We moved inch by inch, painstakingly peeking around every corner for security devices. 


Many windows were left open, and the elements had begun to damage the building. This was a downright odd experience; there was not much of interest, as the rooms were all empty, but this truly was an asylum, not an office building.


We found several seclusion rooms with heavy doors and tiny windows. And a new feature that I’d not seen before—a heavy rubber flap over the inside of the door jamb:


All the exterior windows were covered with that same heavy wire mesh. We could tell by the design that this was an old building, though it had only been built in 1929 to replace the original administration building. It had a total of six floors. 


Channel 2 News had done a “ghost-hunting” story here around Halloween a couple years back, visiting the allegedly poltergeist-haunted sixth floor, led by some ghost-hunter "society."


When things started allegedly flying around the room, the Channel 2 cameraman messed himself, dropped his camera and ran out screaming. Mmmkay...


We went up to the fourth floor so that we wouldn’t have to worry about the people below us potentially hearing our footsteps anymore. It appeared to be more of the same…dirt, open windows, etc.

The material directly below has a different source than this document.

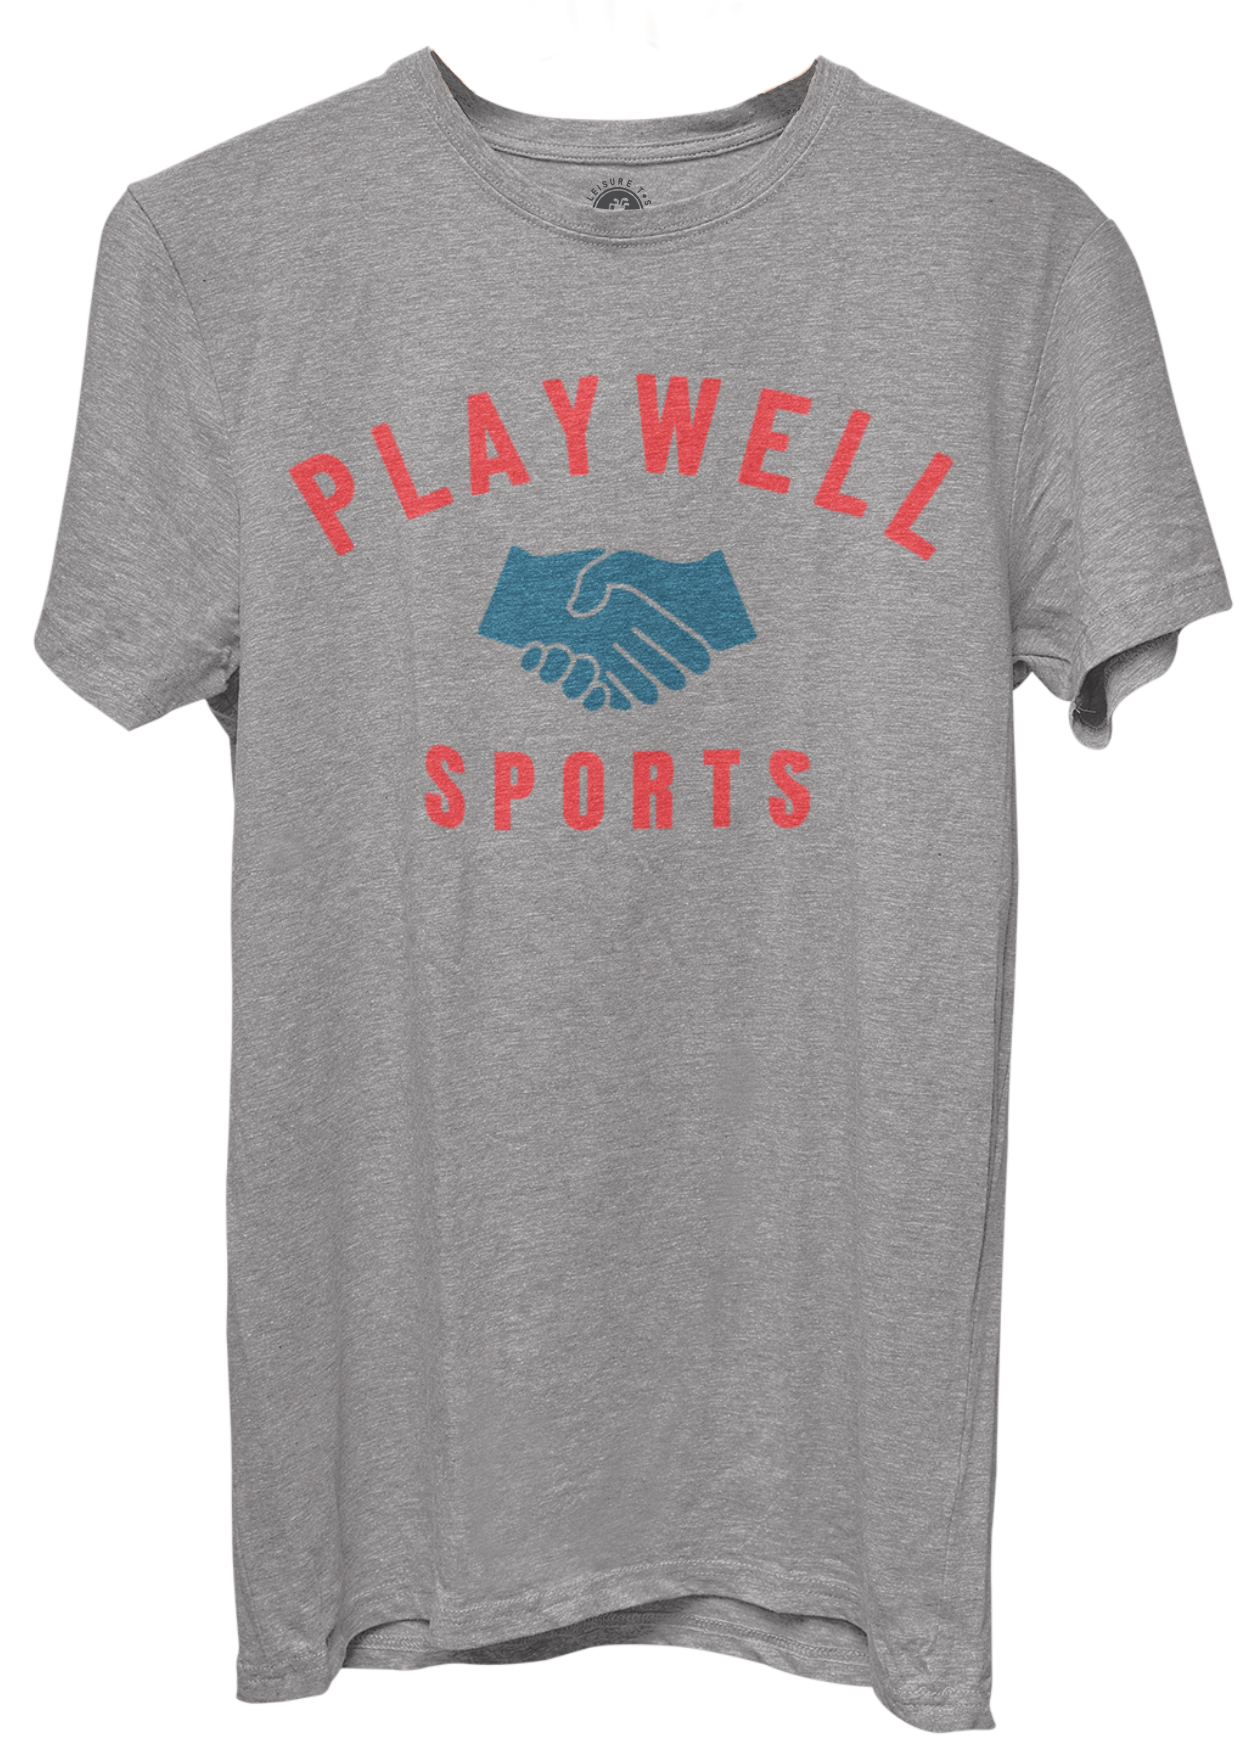 "Playwell Sports"

The toilets were of course all out in the open, offering no privacy whatsoever. When we tried the door on the fifth floor it was locked, so we proceeded to number six. We did find one room with big windows up there that had a bunch of stuff in it, but the door was locked. Near the window we saw something that looked like white, padded cloth, and had a bunch of straps on it. A straightjacket? We weren’t about to bust that door down, so we never found out. There was no poltergeist to help us bash it down either.


When we unexpectedly opened the door to the roof and saw where we were, we almost crapped ourselves, and slammed it shut again. Did we really wanna roof the joint…?

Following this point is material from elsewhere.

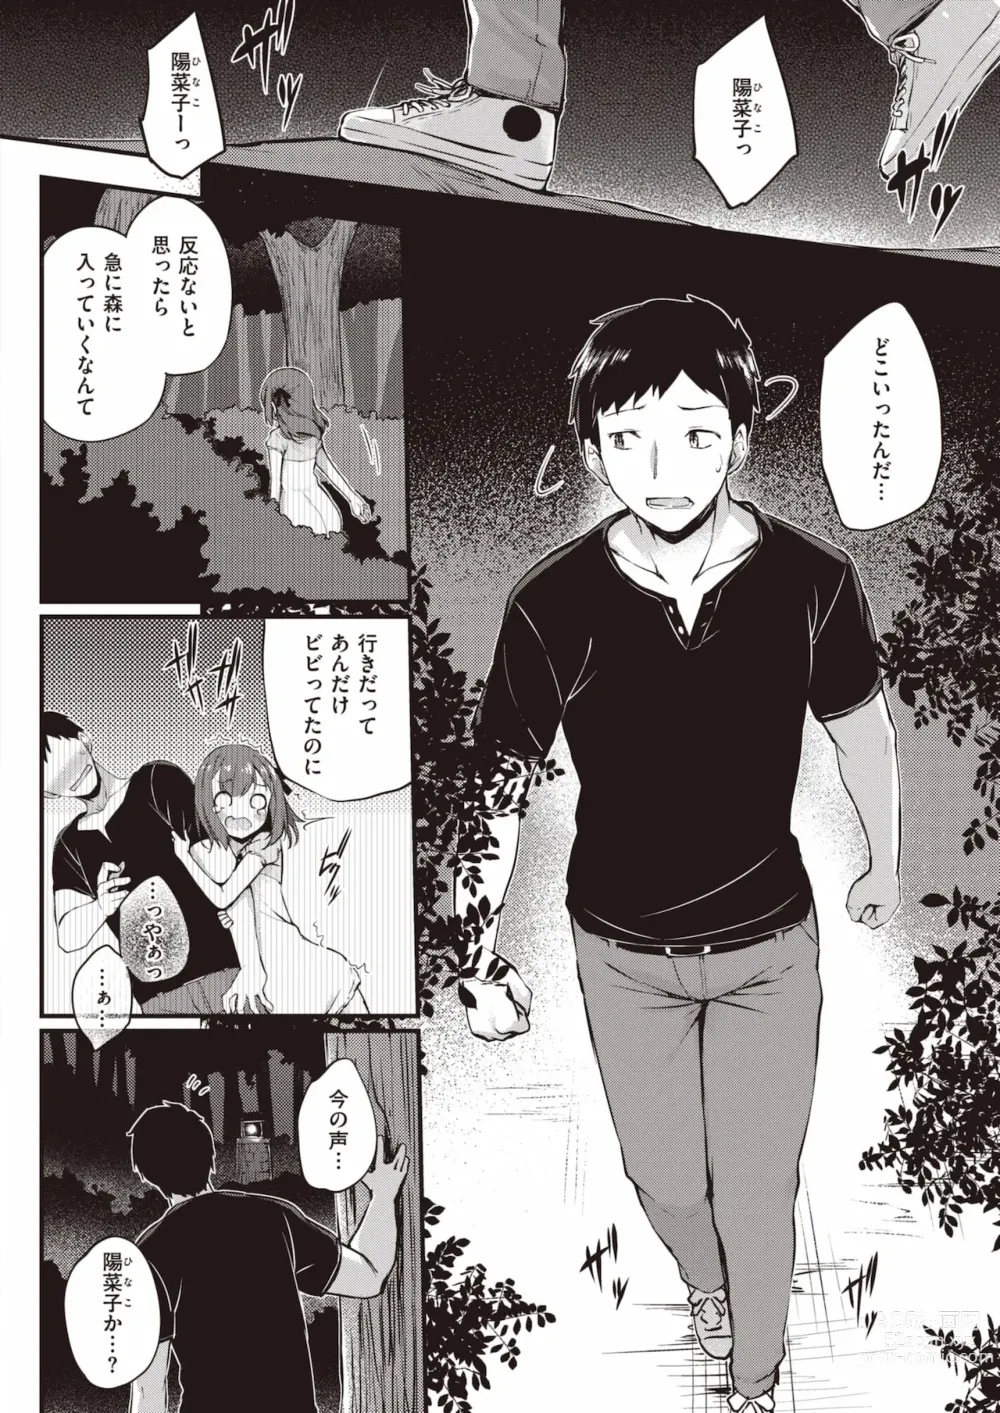 Page 6 of manga Atarashi Watashi

We all agreed to walk swiftly, hunched over almost in an army-style crawl to avoid being seen by the parking lot security guard down below. We opened the door again, and there was the "ELOISE" smokestack, staring right at us with those huge block-letters halfway up. We scrambled to the center of the graveled roof and ducked down with our backs against the wall of the copper-roofed service penthouse, where the elevator motors were.

There was quite a view from the top of this roof, and we could even see the Detroit skyline off in the distant brown rush-hour haze. The crumbling redbrick Eloise smokestack absolutely towered over us, and glowed warmly in the setting sun. We had never seen it up this close before.


We opened the door to the elevator mechanical room and went in. It was fairly noisy in there, and sweltering hot.


At the front of it was a large arched window facing Michigan Avenue. At this point we realized that we had been gone a good 20 minutes, and decided it was time to reappear downstairs. Tiptoeing gingerly down the marble steps again, we brushed off any traces of dust from each others' clothes that might give us away. When we nonchalantly waltzed out the stairwell and into the main hall again we noticed the guard was still gone, and the desk still unattended. We fled the scene in a hot minute.